Der Partner, die Familie, die Freunde, die Hobbys, die neue Ausstellung, der neue Kinofilm – alles ruft in der Freizeit nach Aufmerksamkeit. Wer das alles jonglieren will, bekommt Stress, sagt Psychologe Joachim Kugler von der Technischen Uni Dresden: „Wir leben in einer Gesellschaft, die immer mehr Freizeitmöglichkeiten bietet. Nach der Arbeit geht es nicht mehr um Entspannung, sondern darum, nichts zu verpassen.“ Das kann zu mehr Stress führen als auf der Arbeit.
Eine demnächst im Fachjournal „Science & Medicine“ erscheinende Studie zeigt, dass Menschen daheim tatsächlich gestresster sind als auf der Arbeit. Die Forscher der Pennsylvania State University untersuchten die Speichelproben von 122 Berufstätigen an Wochen- und Wochenendtagen auf Cortisol.
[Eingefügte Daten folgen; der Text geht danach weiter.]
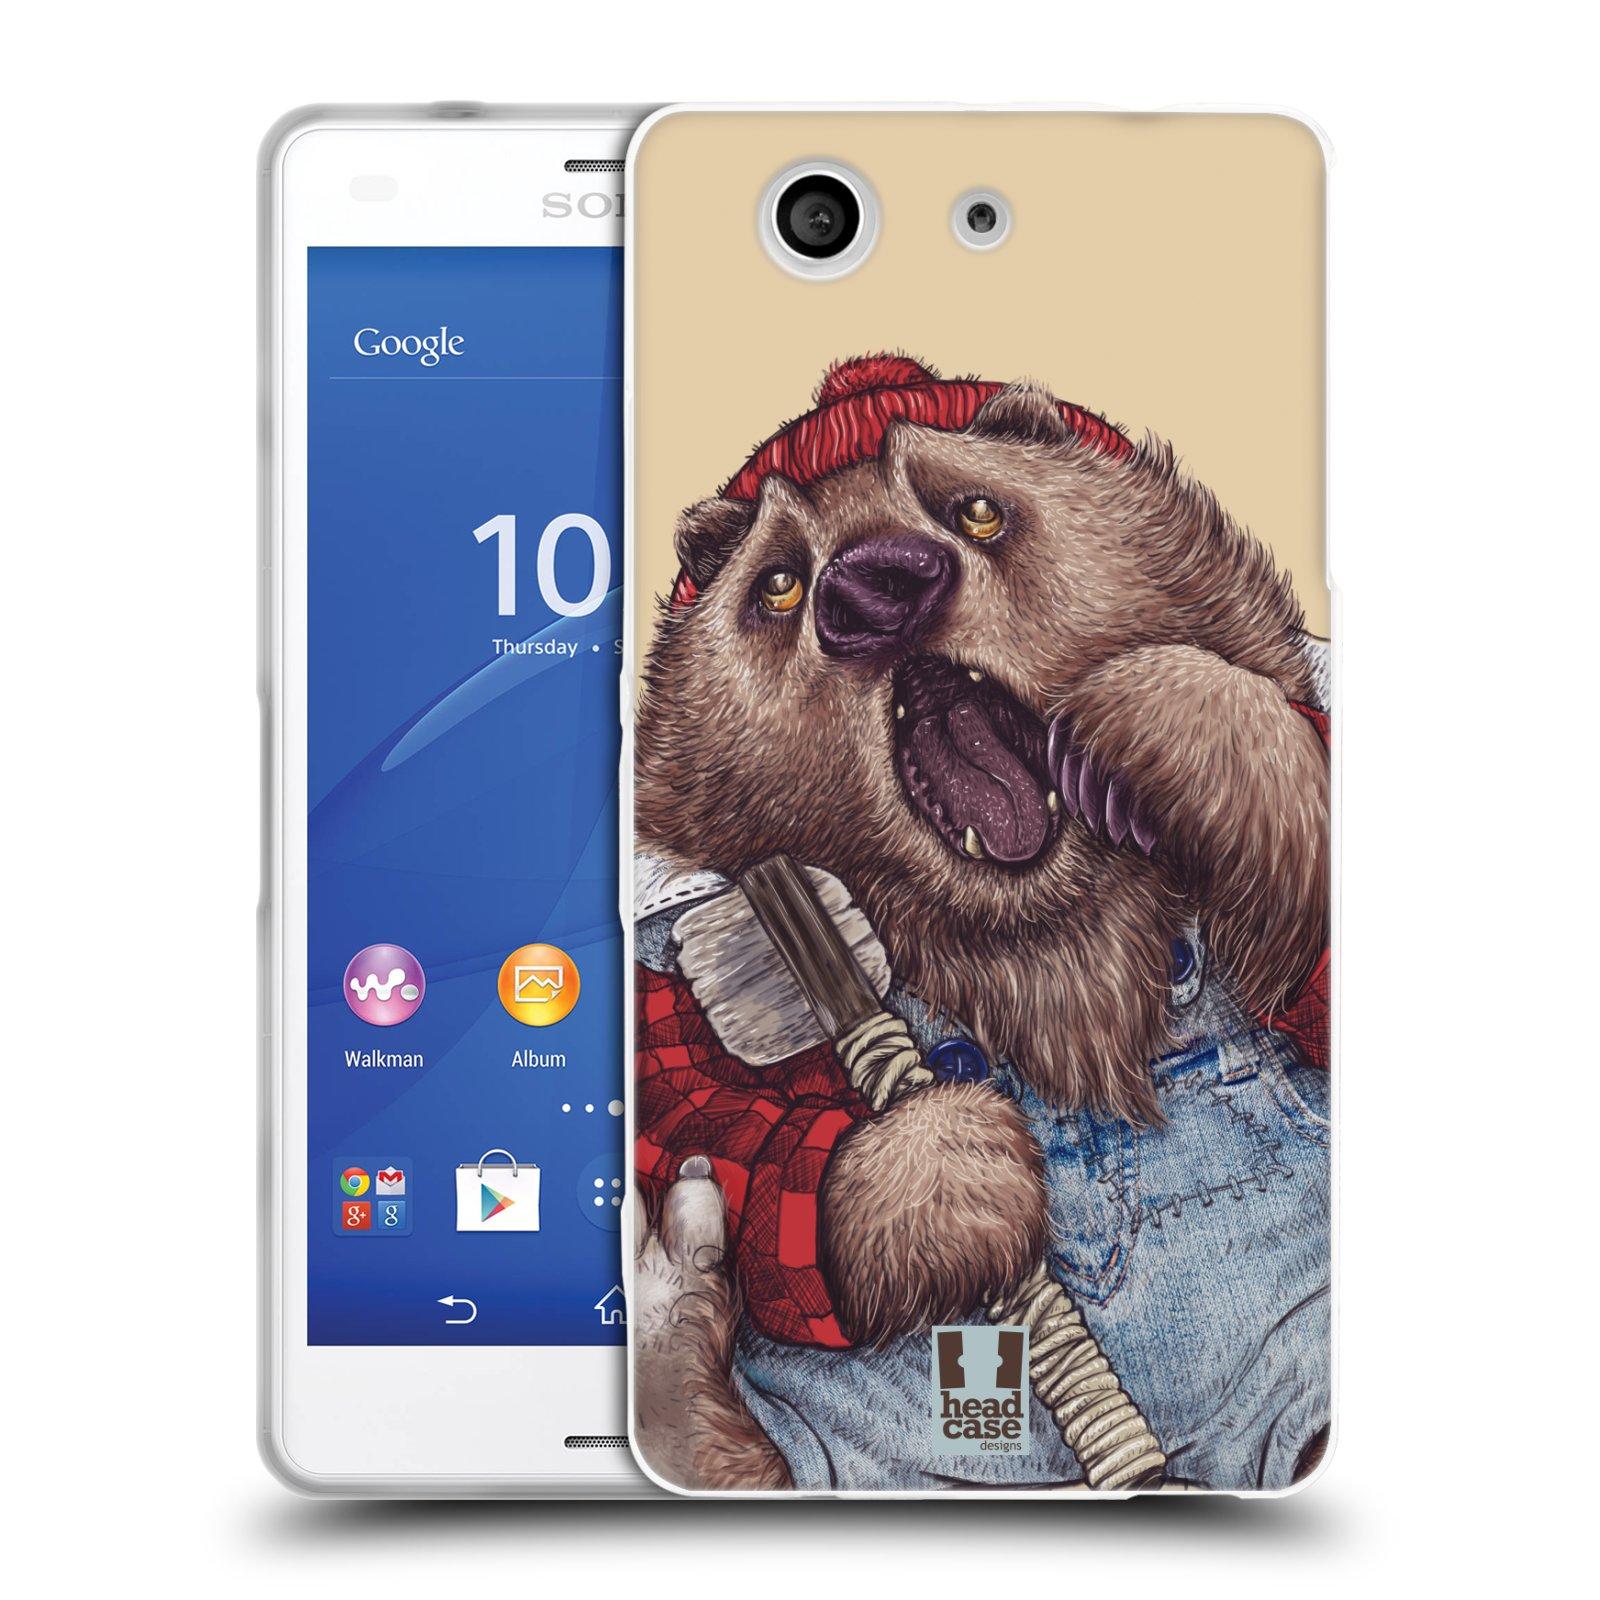 HEAD CASE silikonový obal na mobil Sony Xperia Z3 COMPACT (D5803) vzor Kreslená zvířátka medvěd

Das Hormon, das auf Stress hinweist, kam deutlich weniger vor, wenn Menschen am Arbeitsplatz waren.
Joachim Kugler warnt vor voreiligen Schlüssen: „Generell kann man nicht sagen, dass es im Büro entspannter zugeht. Denken Sie an Schlagworte, wie Mobbing und Burnout.“ Wenn es zu Konflikten kommt, dann sind diese für Menschen jedoch im Privatleben belastender als im Berufsleben. „Zwischenmenschliche Konflikte berühren uns zuhause natürlich mehr, als wenn wir mit jemanden auf der Arbeit im Hader liegen“, sagt Kugler. „Die persönliche Bindung an eine Person ist wichtig.“
Daher sei es sinnvoll Privates von Beruflichem zu trennen: „Warum halten Beziehungen am Arbeitsplatz so schlecht? Warum gelten Gemeinschaftspraxen von Ehepartnern als der Vorhof zur Hölle? Weil es keine Rückzugsräume gibt, wenn es auf der Arbeit oder zuhause funkt“, sagt Kugler. Dann ist das Problem in allen Lebensbereichen präsent und wiegt umso schwerer.